Personal information
- Born: 10 September 1985 (age 40) Maghull, Merseyside, England

Playing information
- Height: 6 ft 2 in (1.88 m)
- Weight: 17 st 0 lb (108 kg)
- Position: Prop
Club
| Years | Team | Pld | T | G | FG | P |
| 2003–11 | St Helens | 226 | 53 | 0 | 0 | 212 |
| 2012–17 | Canterbury Bulldogs | 135 | 9 | 0 | 0 | 36 |
| 2018–20 | St. George Illawarra | 51 | 1 | 0 | 0 | 4 |
| 2020 | St Helens | 12 | 1 | 0 | 0 | 4 |
|  | Total | 424 | 64 | 0 | 0 | 256 |
Representative
| Years | Team | Pld | T | G | FG | P |
| 2006–19 | Great Britain | 9 | 2 | 0 | 0 | 8 |
| 2008–18 | England | 45 | 3 | 0 | 0 | 12 |
| 2015–16 | NRL All Stars | 2 | 0 | 0 | 0 | 0 |
- Source:

= James Graham (rugby league) =

English rugby league player

James Graham (born 10 September 1985) is an English former professional rugby league player who played as a for St Helens in the Super League, and at international level for England and Great Britain.

After 224 appearances for St Helens, and having won a number of Championships and Challenge Cups with them, he moved to Sydney for the 2012 NRL season. Graham has played for the Canterbury-Bankstown Bulldogs and the St. George Illawarra Dragons in the National Rugby League, and has also played for the NRL All Stars.

Graham lost six grand finals in a row, including five in a row with St Helens in the Super League competition across the 2007–2011 seasons, and with the Canterbury-Bankstown Bulldogs in the Australian National Rugby League in 2012. He then played in the 2014 NRL Grand Final defeat by the South Sydney Rabbitohs, and he also featured for England in the 2017 Rugby League World Cup Final defeat by Australia.

==Early life==
Graham was born in Maghull, Merseyside, and was educated at Deyes High School. Graham chose to play rugby league at an early age after being introduced to the game by his father, John, who originated from Cumbria. He began playing junior rugby league for St Helens Crusaders, and also went on to play for Blackbrook as a teenager.

==Club career==
===St Helens===
Graham signed with Saints as a junior in 2000, eventually playing his way through the Junior Academies before making his senior début against Castleford in August 2003. Graham already had leadership experience after captaining the England Academy in a famous series victory in Australia in 2004.

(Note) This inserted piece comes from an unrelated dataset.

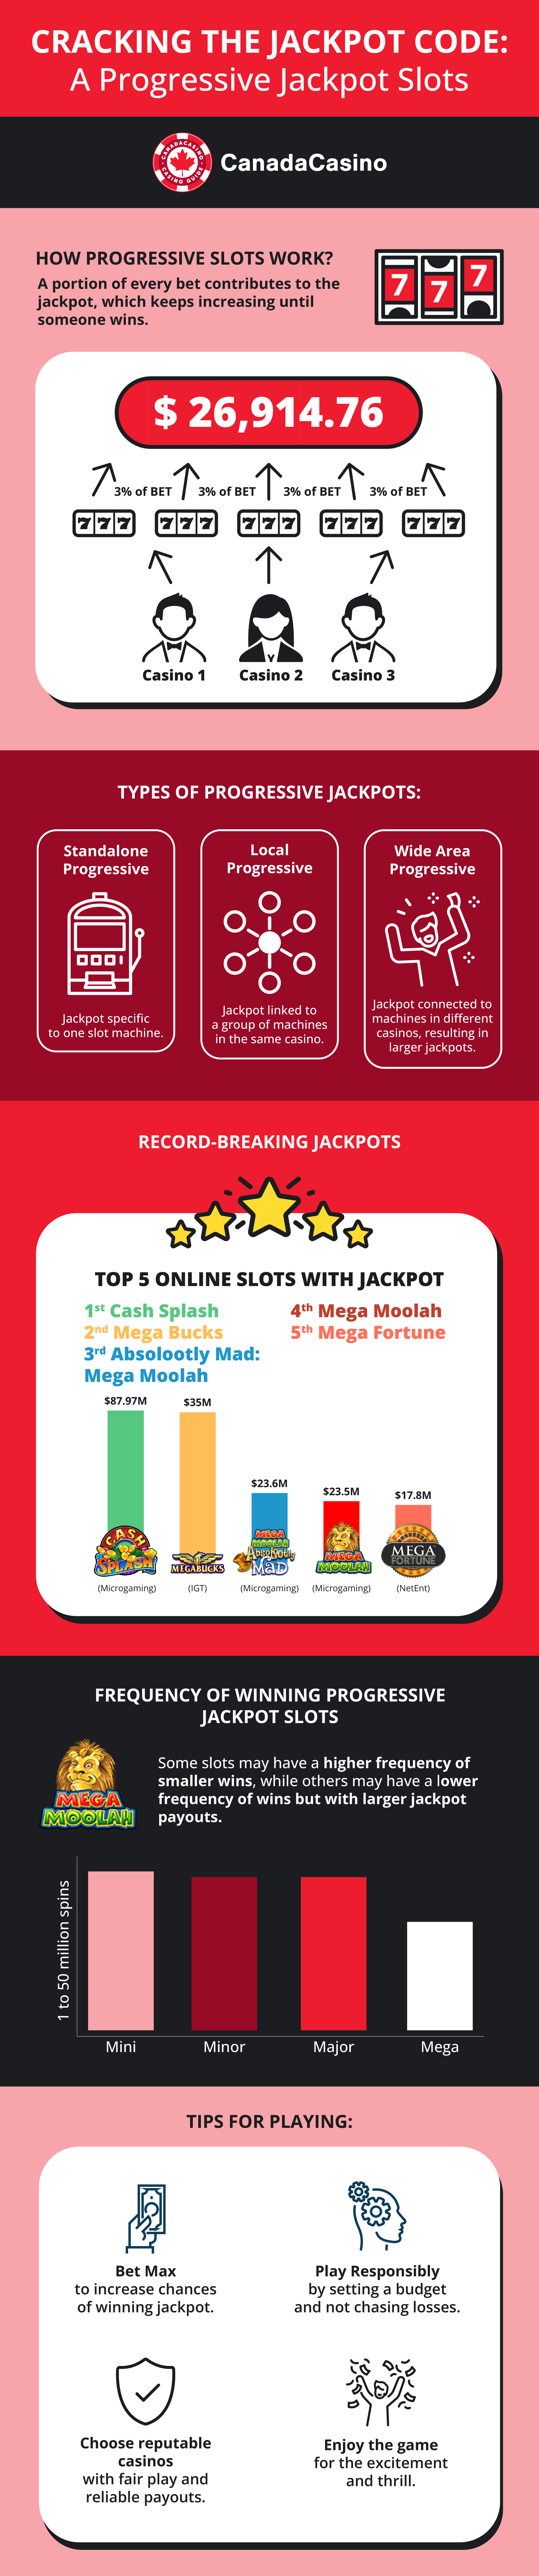 progressive jackpot slots canada casino guides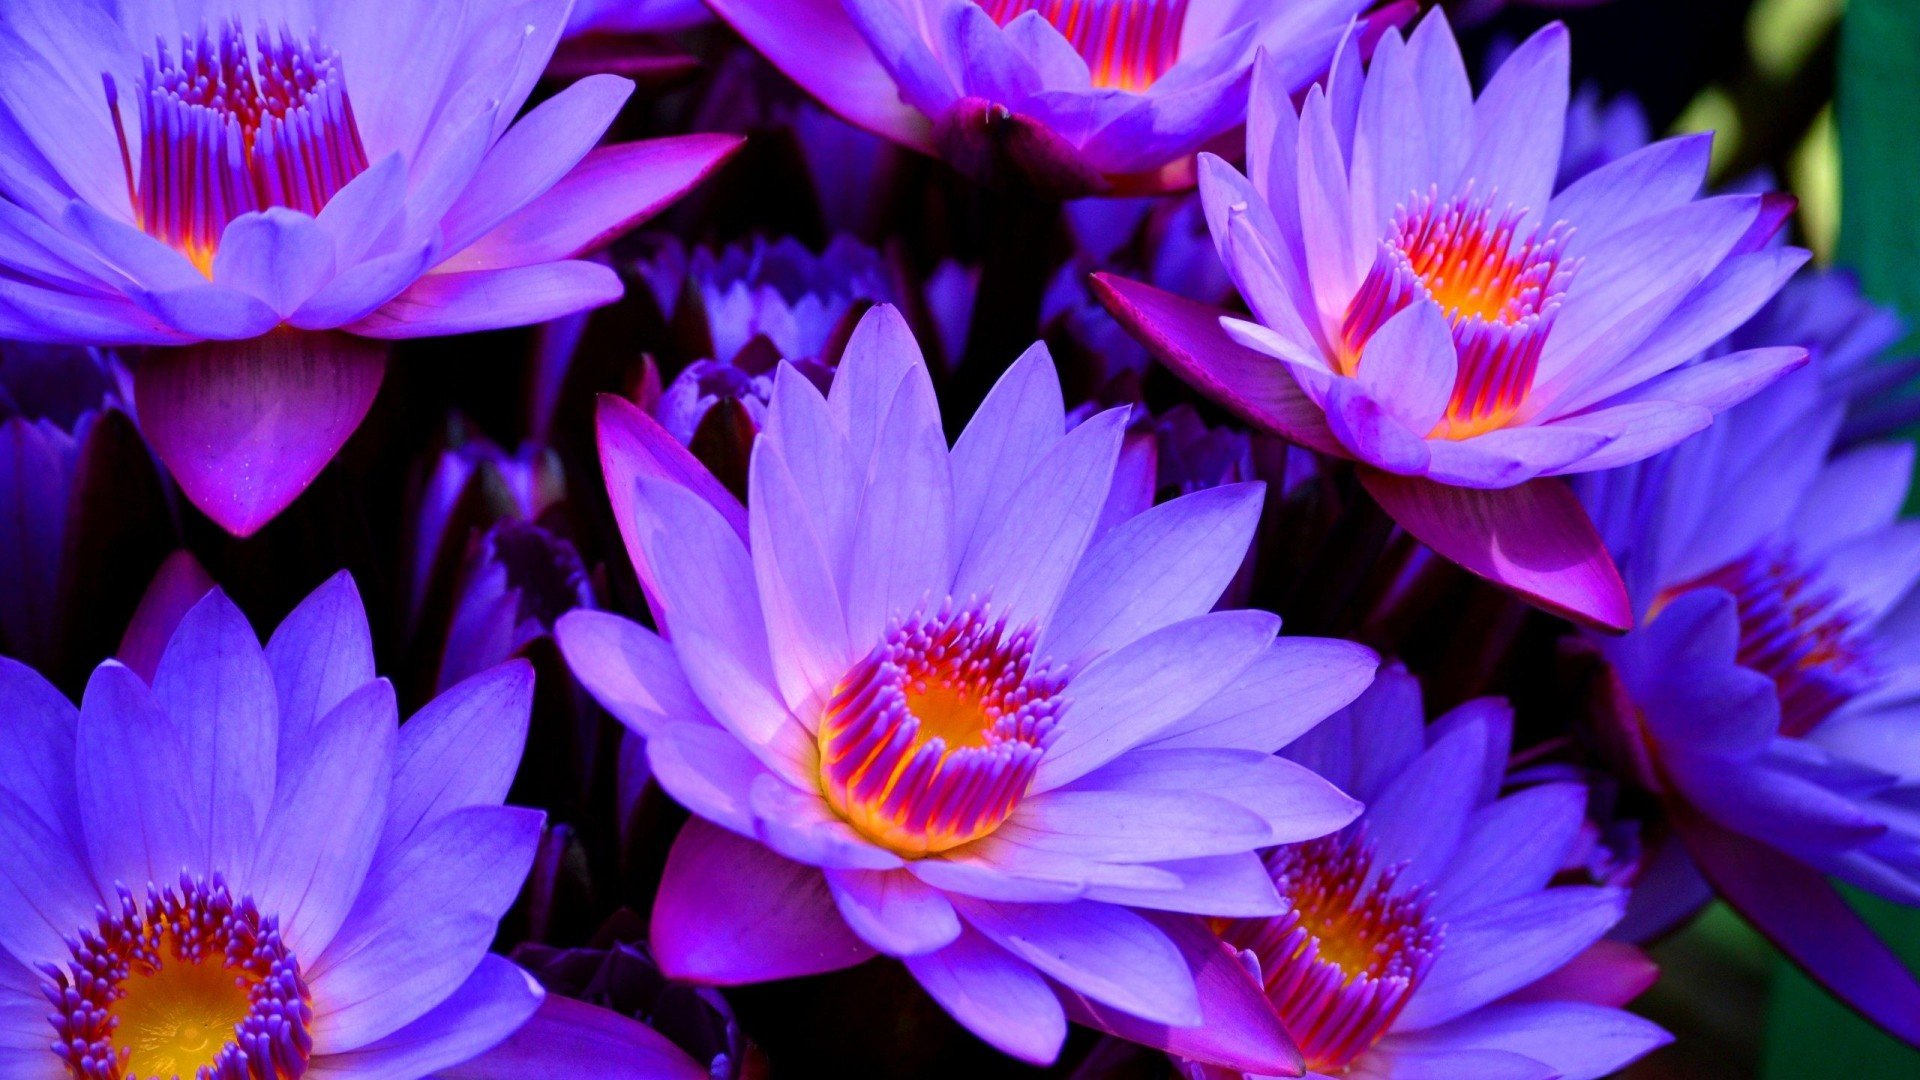 Lotus flower wallpapers 1920x1080 Full HD (1080p) desktop

Graham played for St Helens from the interchange bench in their 2006 Challenge Cup Final victory against Huddersfield. Then-Great Britain coach Brian Noble selected Graham in a friendly against New Zealand earlier in 2006 in the Castlemaine XXXX Test in which he made a try scoring début at Knowsley Road. St Helens reached the 2006 Super League Grand final to be contested against Hull FC, and Graham played from the interchange bench in Saints' 26–4 victory. As 2006 Super League champions, St Helens faced 2006 NRL Premiers the Brisbane Broncos in the 2007 World Club Challenge. Graham played from the substitute bench in Saints' 18–14 victory.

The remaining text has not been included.